The Arab Peace Initiative and the Changing Middle East
By Ramzy Baroud
The rapid, almost hasty, developments on the Arab Israeli front, almost immediately following the Saudi sponsored Makkah
Agreement on February 2, should be examined in their proper context, as a part and parcel of the regional shifts,
exasperated by the US war in Iraq and the dramatic adjustment in Iran’s position vis-à-vis the region and its sectarian,
religious composition.
Two prevailing analyses have been offered; one that is skeptical, and argues that the Arab initiative, which will be
articulated at a coming Arab league conference in Saudi Arabia on March 28, was brought back to the scene on the behest
of the US administration: by engaging Hamas, Arabs will deny Iran the opportunity to further galvanize its regional
alliances — Syria and Hezbollah — against the US and Israel, thus further cemented the Shia crescent, at the expense of
the Sunni majority.
The other analysis is overtly optimistic, ranging between the view of Palestinian and Arab commentators talking of a
‘historic opportunity’ and Western commentators wondering if the league has finally taking charge of the Arab people’s
own destiny. "Worried by what they see as the Bush administration’s failings, and the new regional power of Iran, the
Arabs are struggling to take their destiny into their own hands," is how BBC Middle East analyst Roger Hardy worded the
conclusion of his analysis, "Mid-East Package Diplomacy."
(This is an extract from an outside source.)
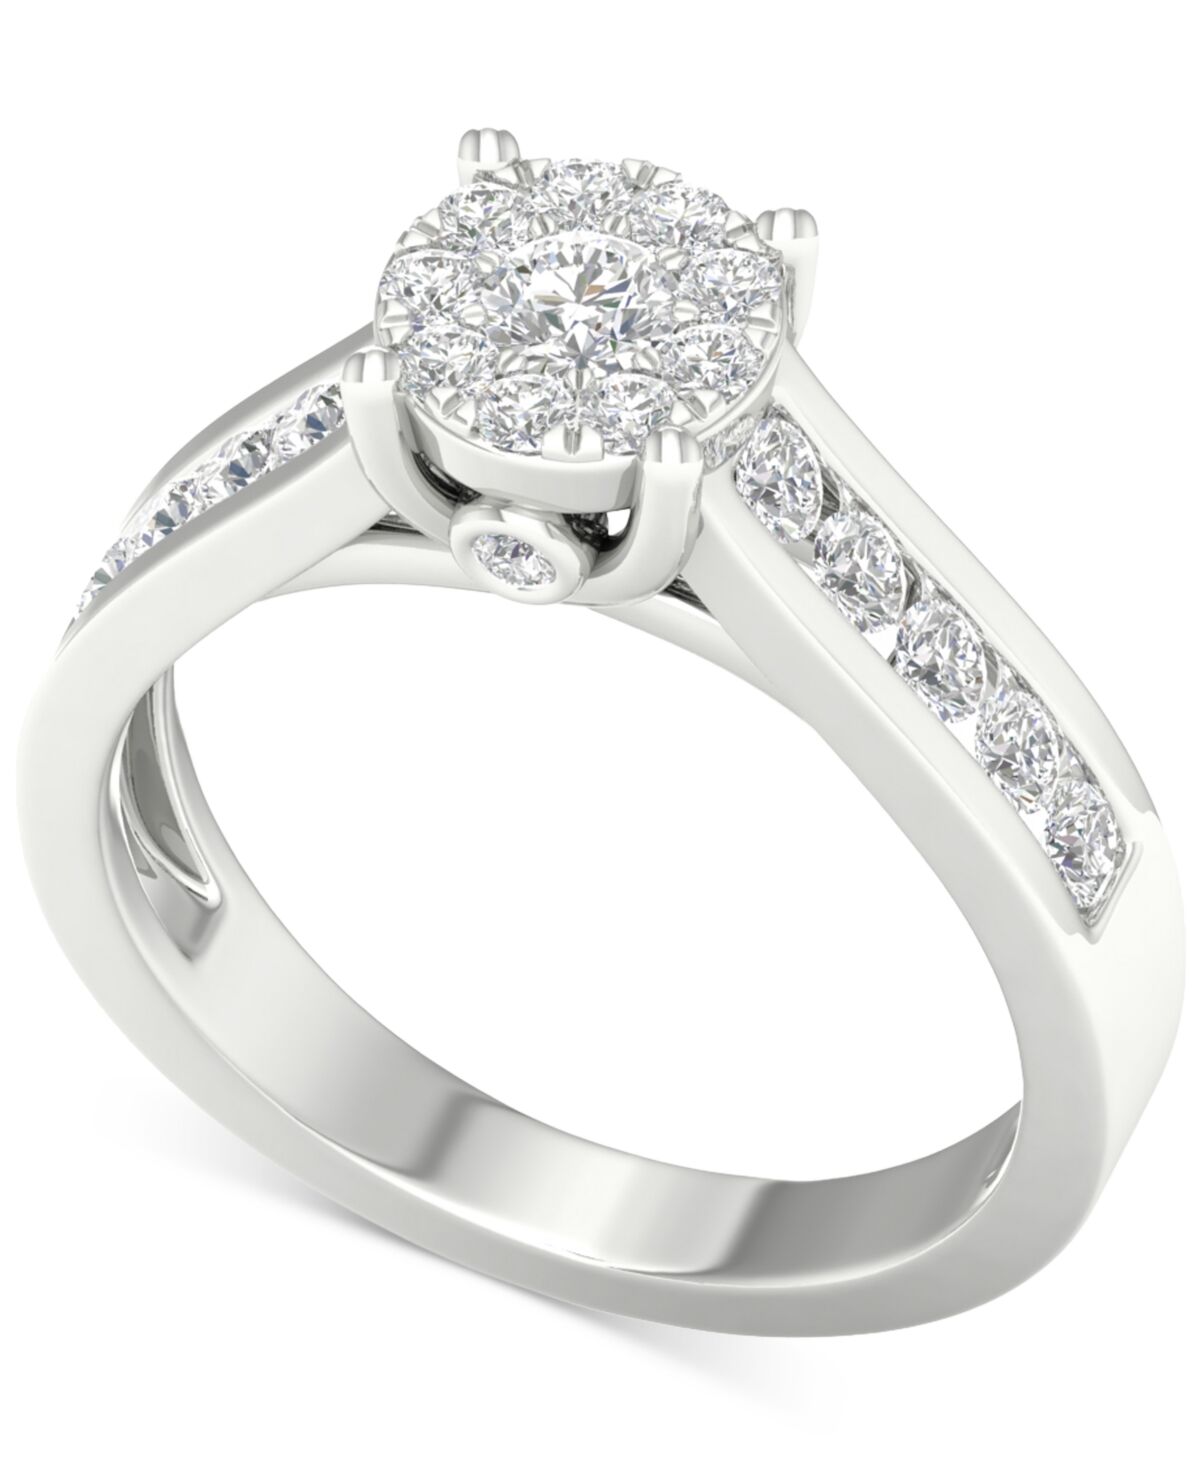 Macy's Diamond Cluster Channel-Set Engagement Ring (3/4 ct. t.w.) in 14k White Gold - White Gold

The Arab peace initiative, offering a full normalization with Israel, in simultaneous exchange for an Israeli pull out
to the pre-1967 border, was made public in a March 2002 Arab League summit in Beirut. It came at the height of the
Palestinian uprising. The initiative was immediately rejected by the Israeli government and accepted by Arafat. Its
release was a cause of a slight discomfort for Israel, however, principally because the Bush administration viewed it in
positive terms, at the beginning at least, before it disowned it before Israel’s incessant rejection.
In the weeks preceding the official announcement of the Arab peace initiative, Israel had assassinated Fatah leader in
Tulkaram in the West Bank, Raed al-Karmi, prompting Palestinian suicide bombings. "Karmi’s assassination led to the
scuttling of the truce that had lasted since December 16, 2001," wrote Akiva Aldar in Haaretz, quoting Mati Steinberg,
who was the adviser on Palestinian affairs to the head of the Shin Bet security service. "It also led to Operation
Defensive Shield, which pushed the Arab initiative to the margins and eliminated the opportunity to put the diplomatic
track with the Palestinians on a route of direct connection with the Arab peace initiative for the first time."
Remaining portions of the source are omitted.